Supplied information
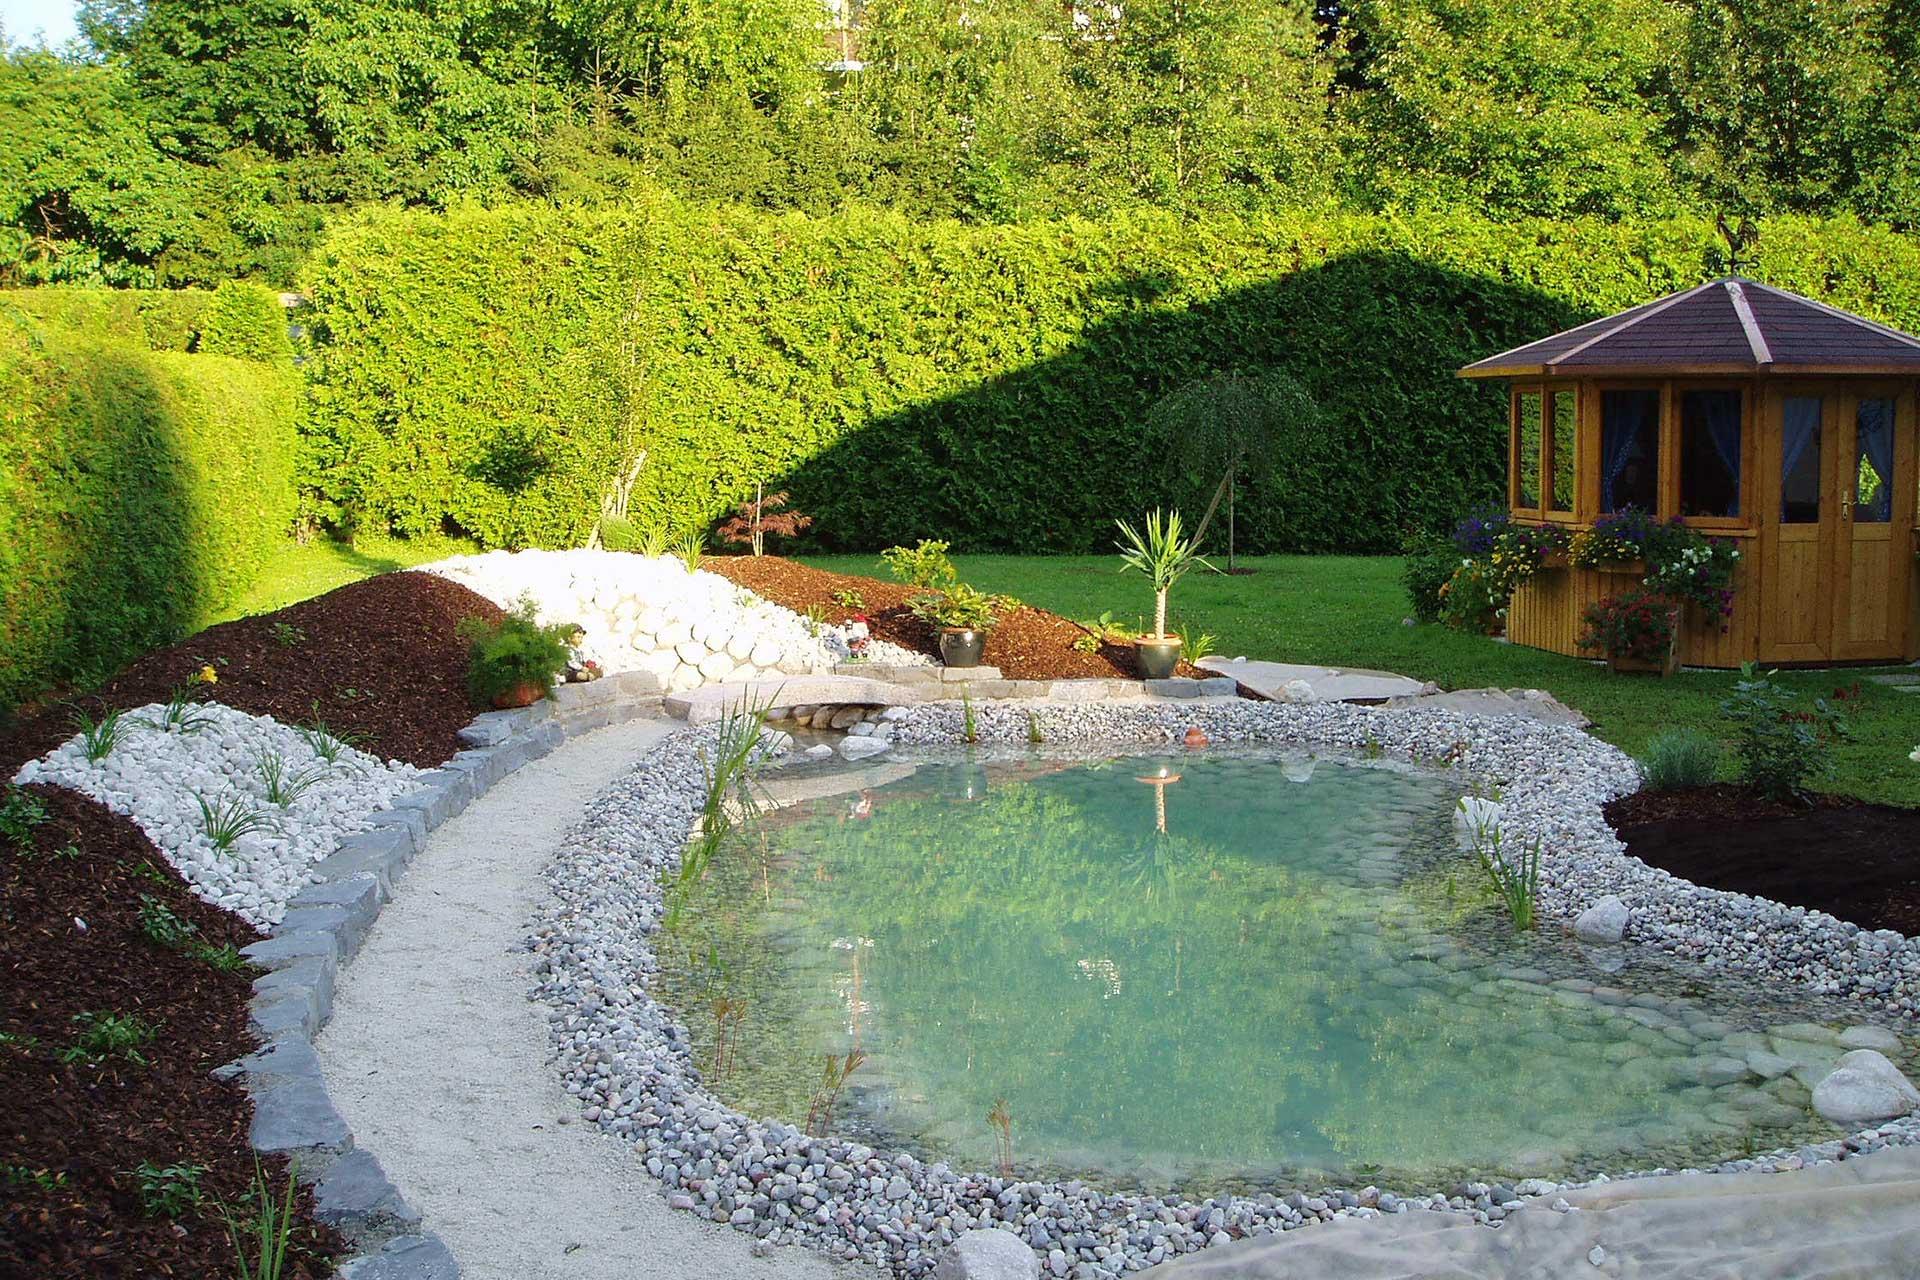 Teich Feuchtbiotop Und Bachlauf Als Gartengestaltung In Oö
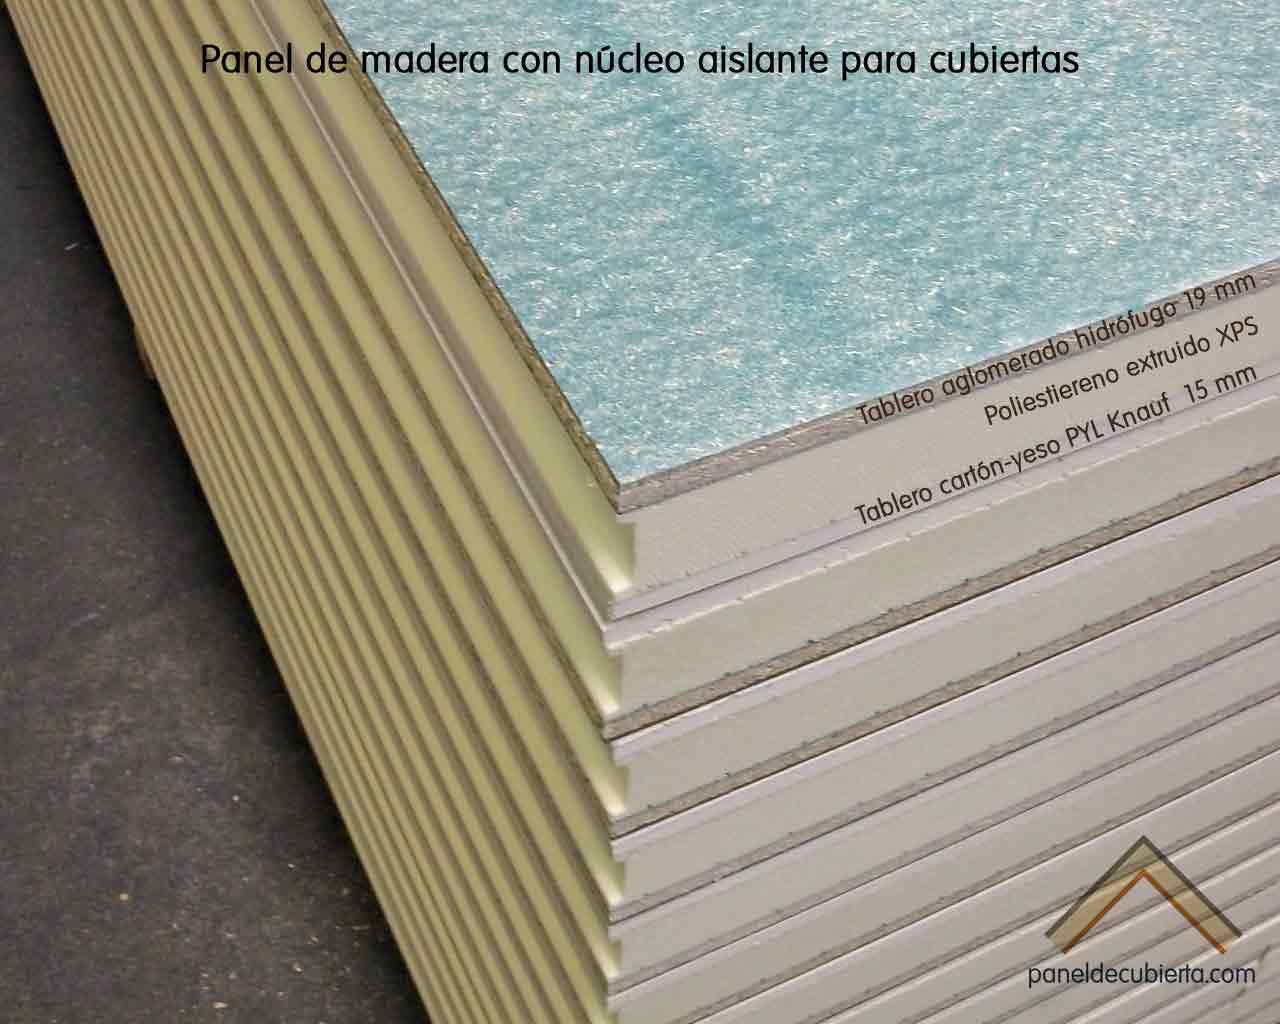 Panel de madera para cubierta con núcleo aislante y tablero superior de aglomerado hidrófugo 19 mm. Detalle de machihembrado entre paneles.
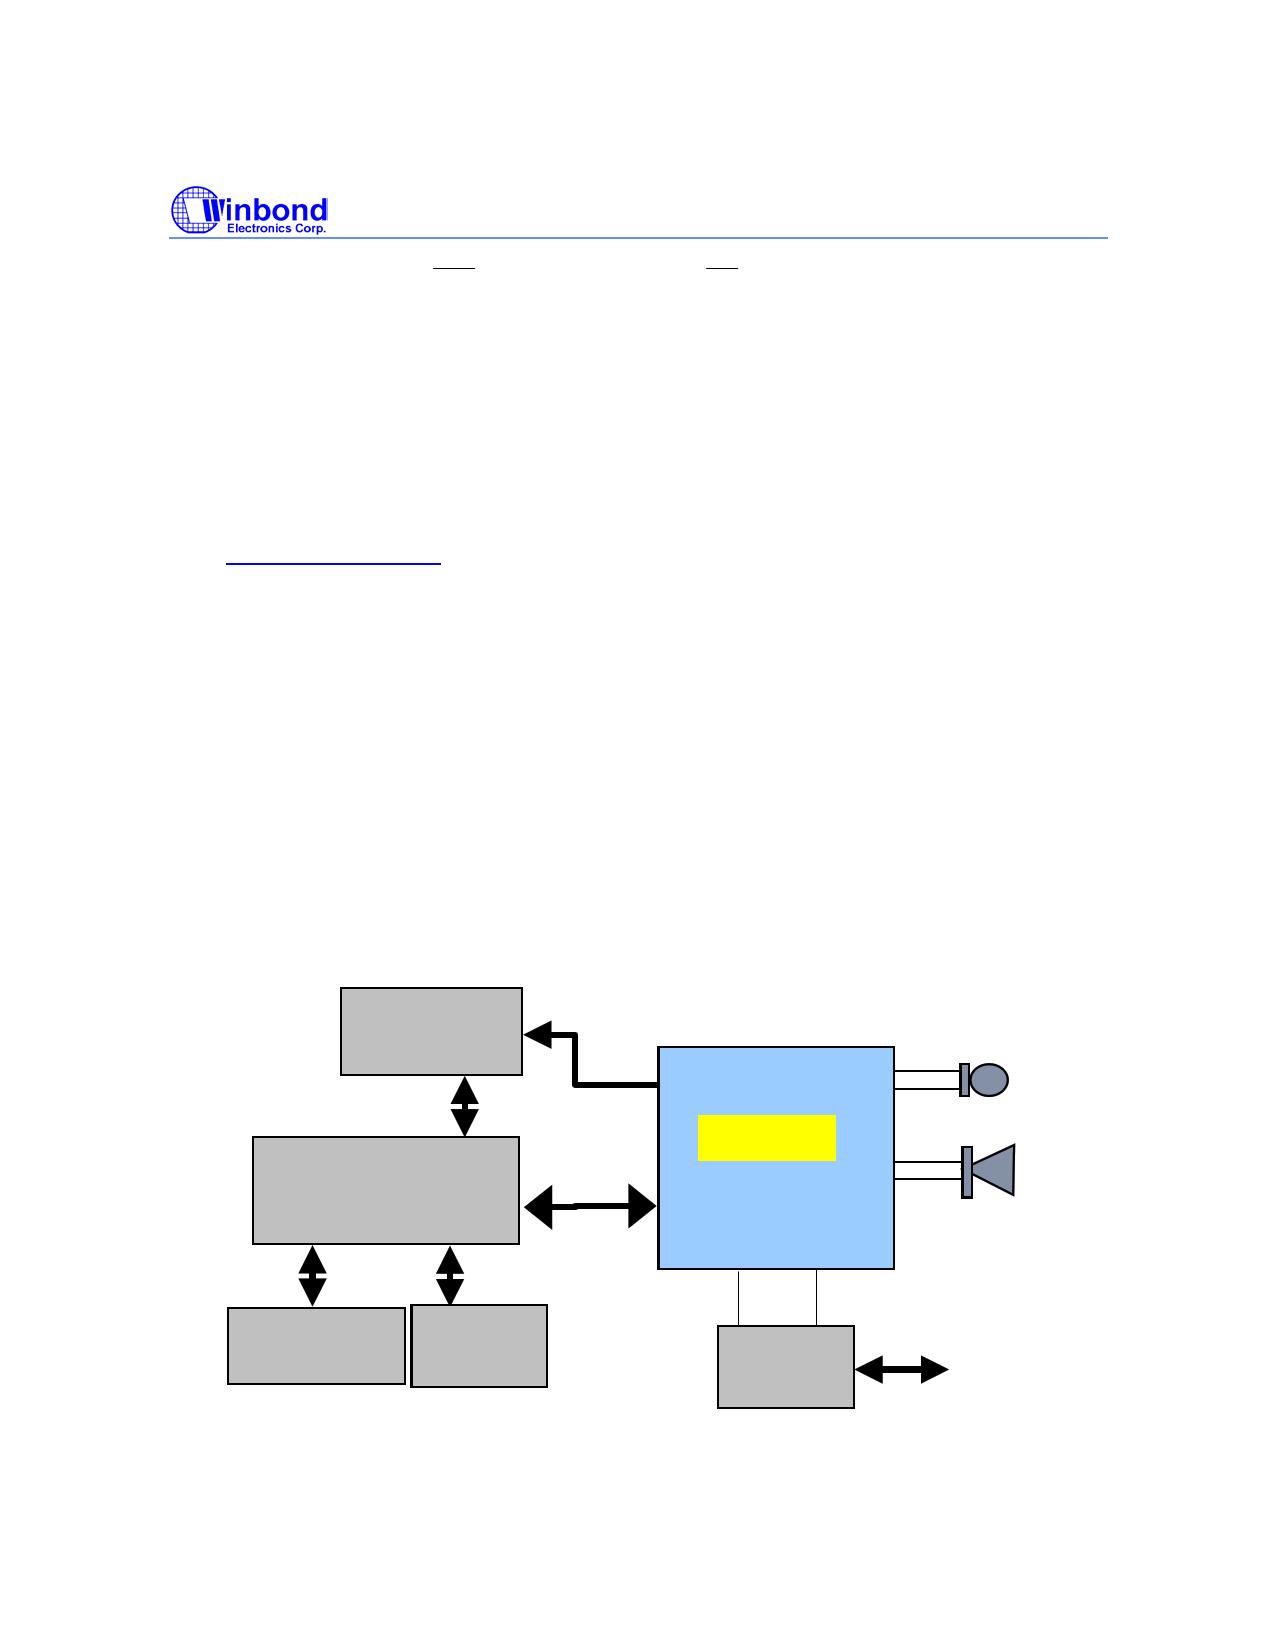 I5116EI arduino
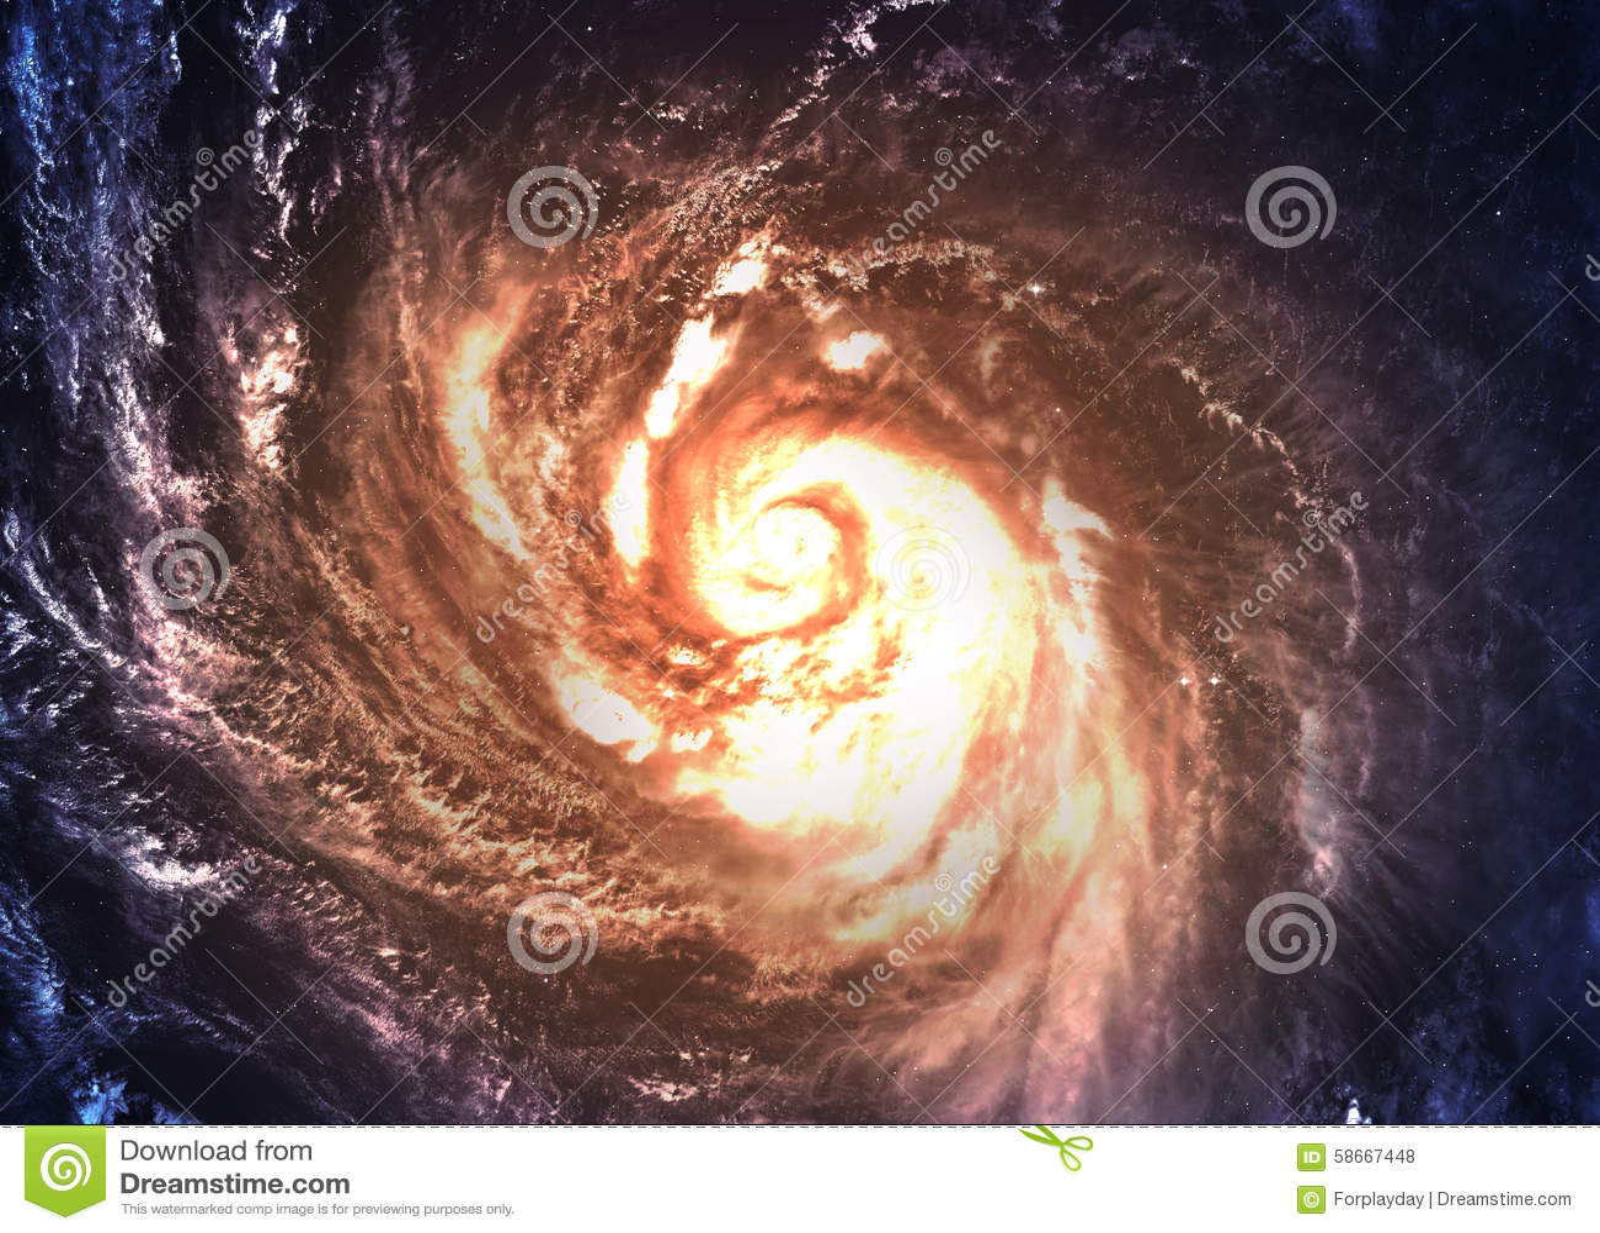 Galassia a spirale incredibilmente bella da qualche parte dentro

Work item
Output the data exactly. Leave every picture out.

Result of the task
 Teich Feuchtbiotop Und Bachlauf Als Gartengestaltung In Oö
 Panel de madera para cubierta con núcleo aislante y tablero superior de aglomerado hidrófugo 19 mm. Detalle de machihembrado entre paneles.
 I5116EI arduino
 Galassia a spirale incredibilmente bella da qualche parte dentro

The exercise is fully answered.